• [BRIEF] Beginning with the line of the entries below that holds "10 Nice End" and ending with the line that holds "know your worth oversized t-shirt", transcribe each line exactly as written. Pictures stay out.

• [AVAILABLE DATA]
____________________

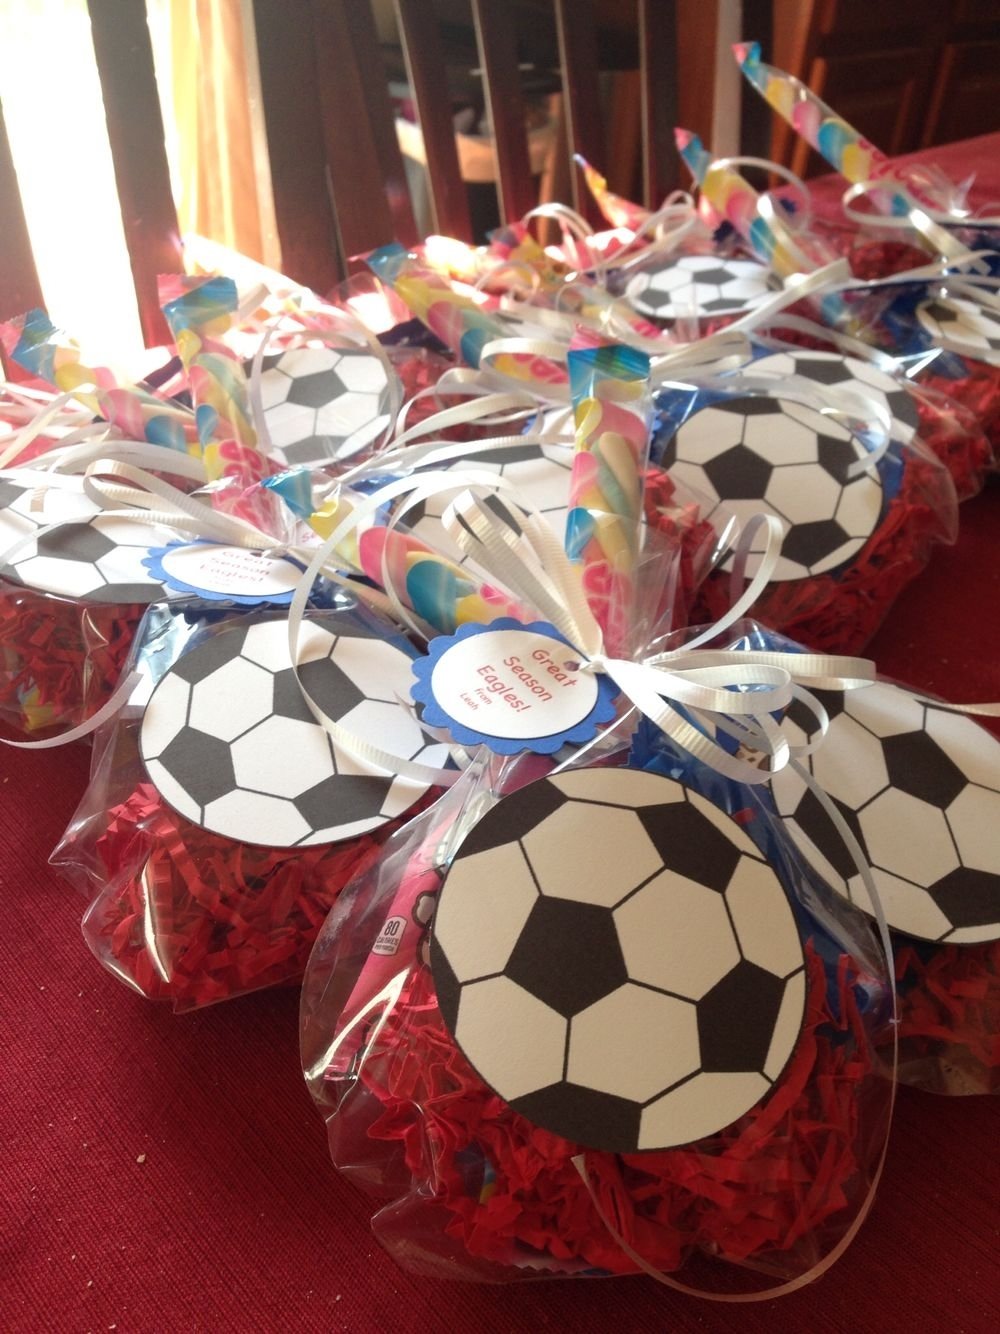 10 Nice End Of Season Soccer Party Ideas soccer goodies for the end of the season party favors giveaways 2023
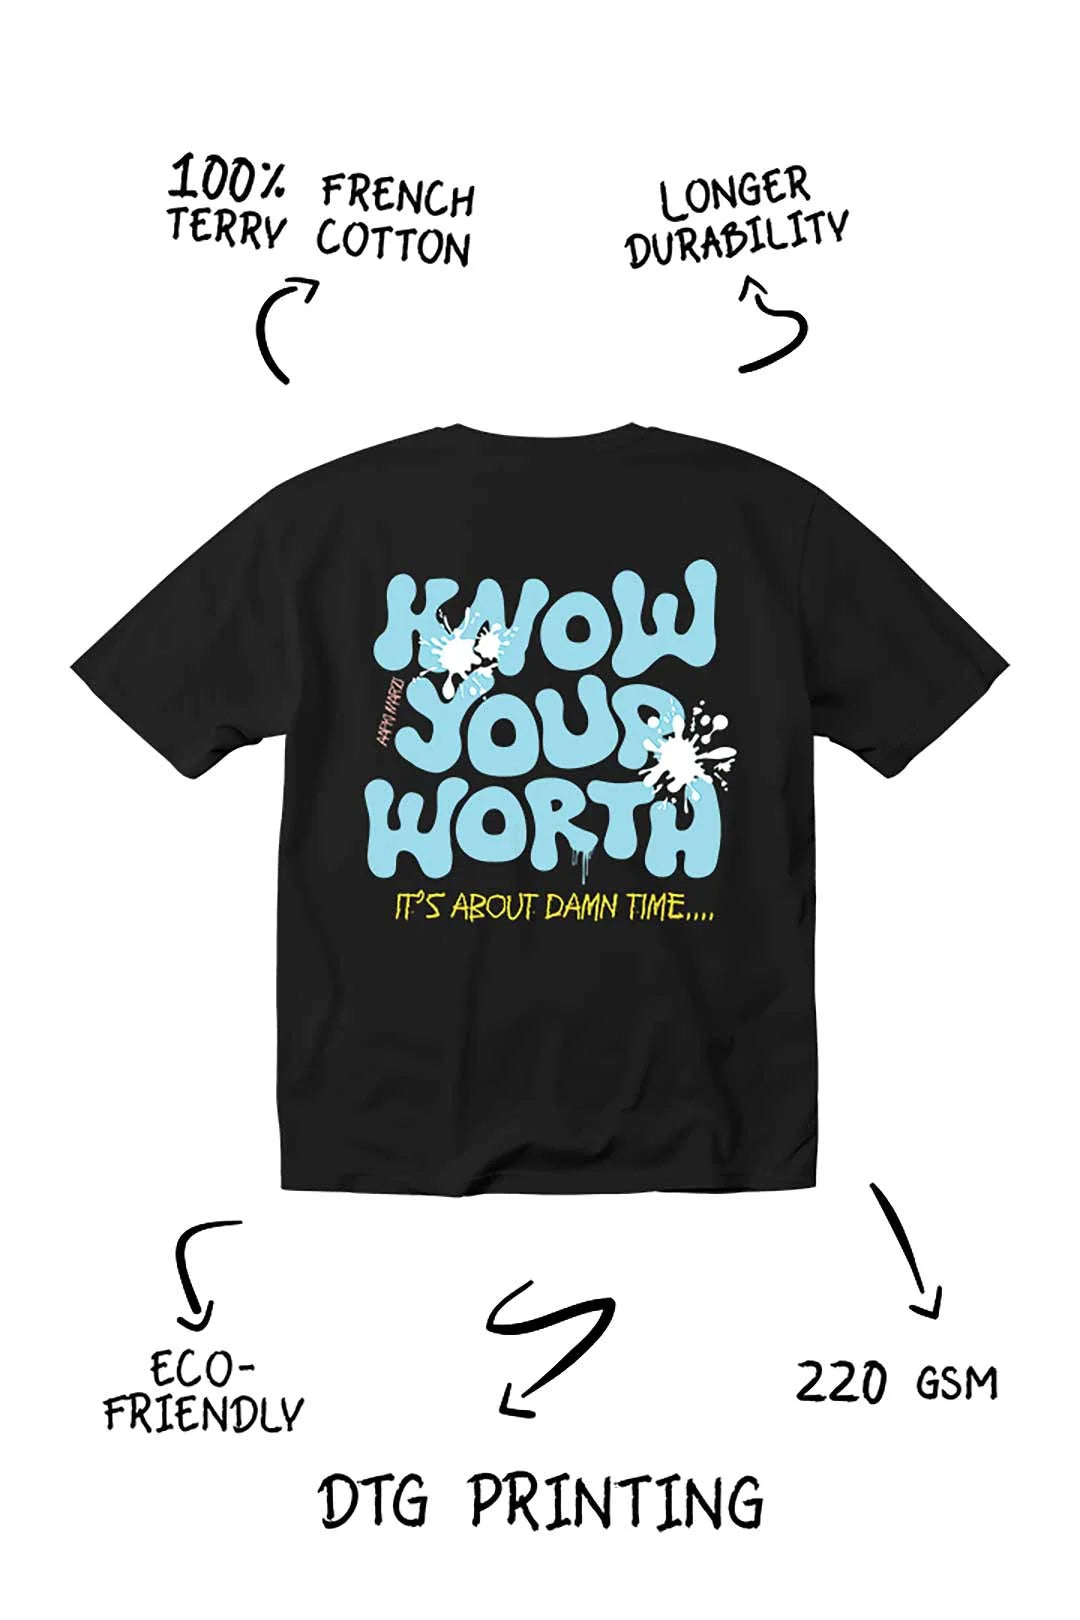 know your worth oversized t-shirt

____________________

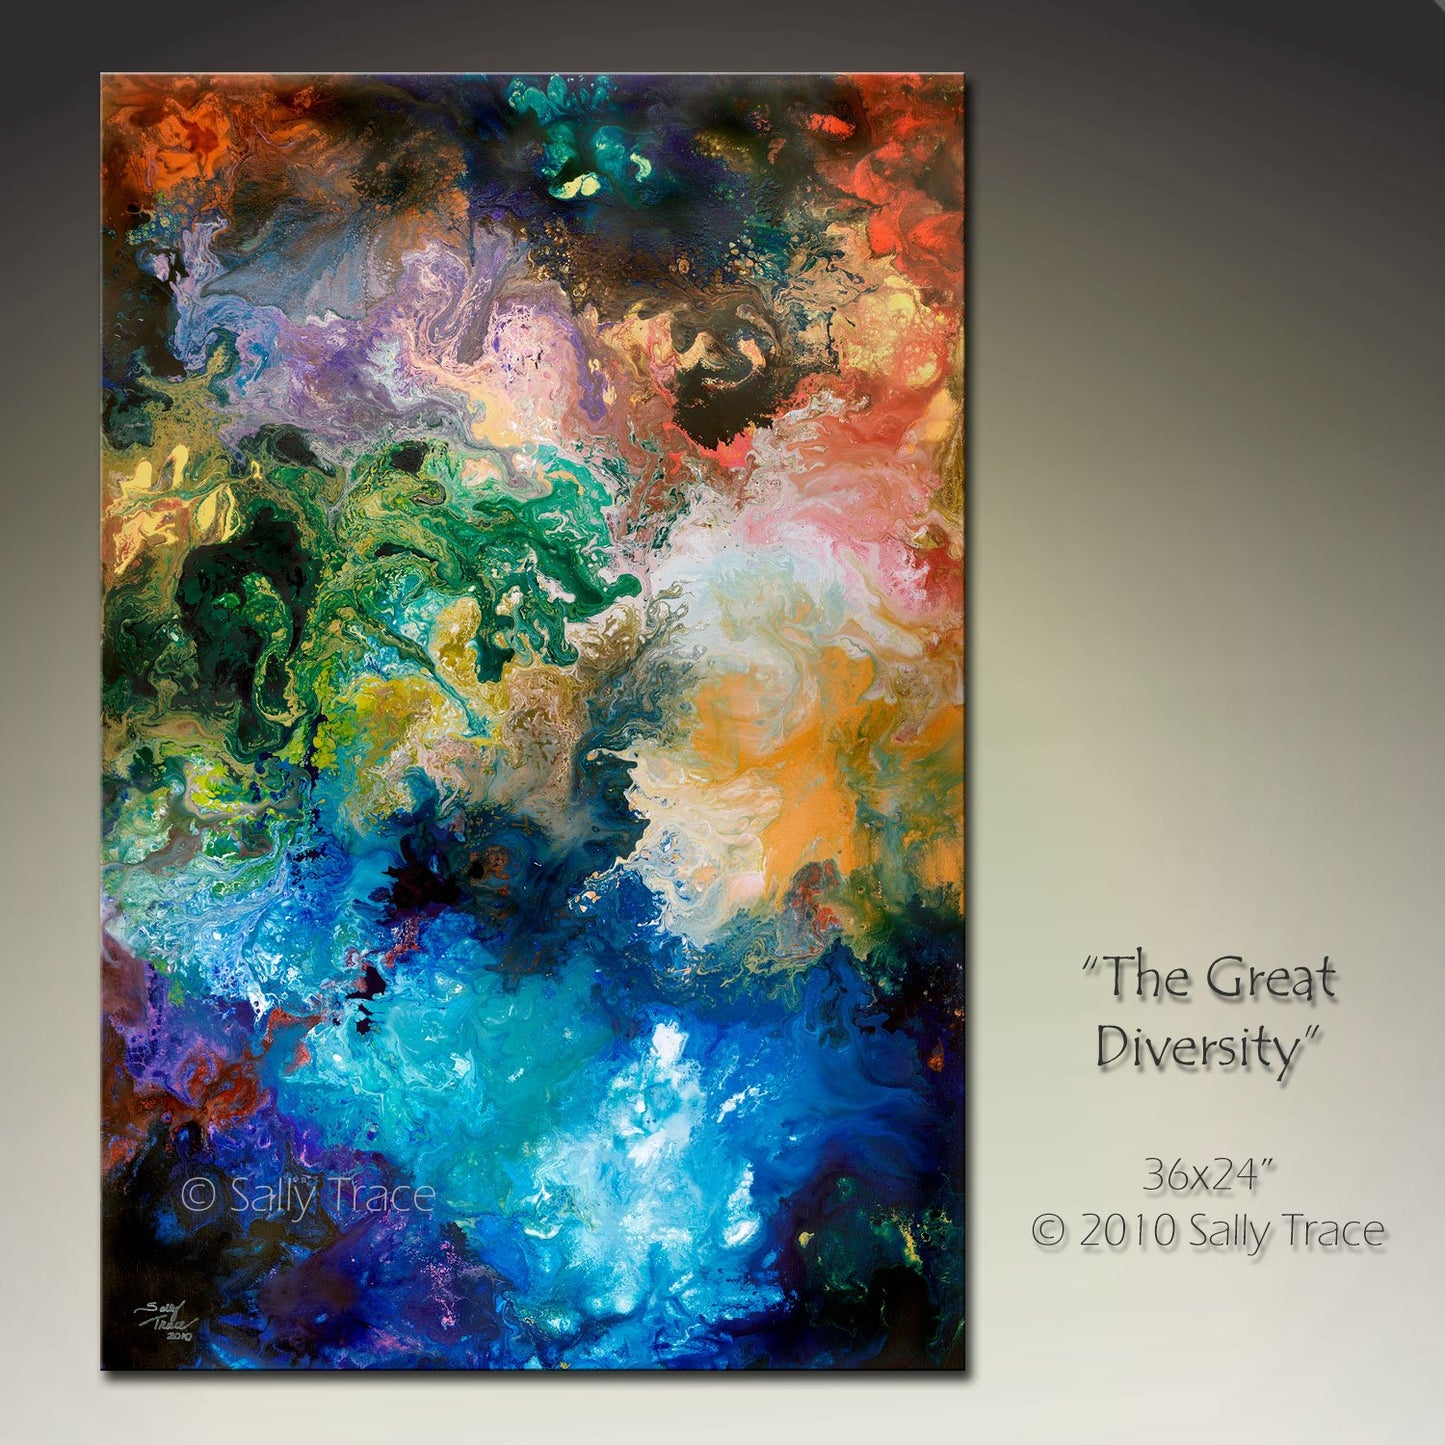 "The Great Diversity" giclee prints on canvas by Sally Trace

____________________

• [SOLVED PROBLEM]
 10 Nice End Of Season Soccer Party Ideas soccer goodies for the end of the season party favors giveaways 2023
 know your worth oversized t-shirt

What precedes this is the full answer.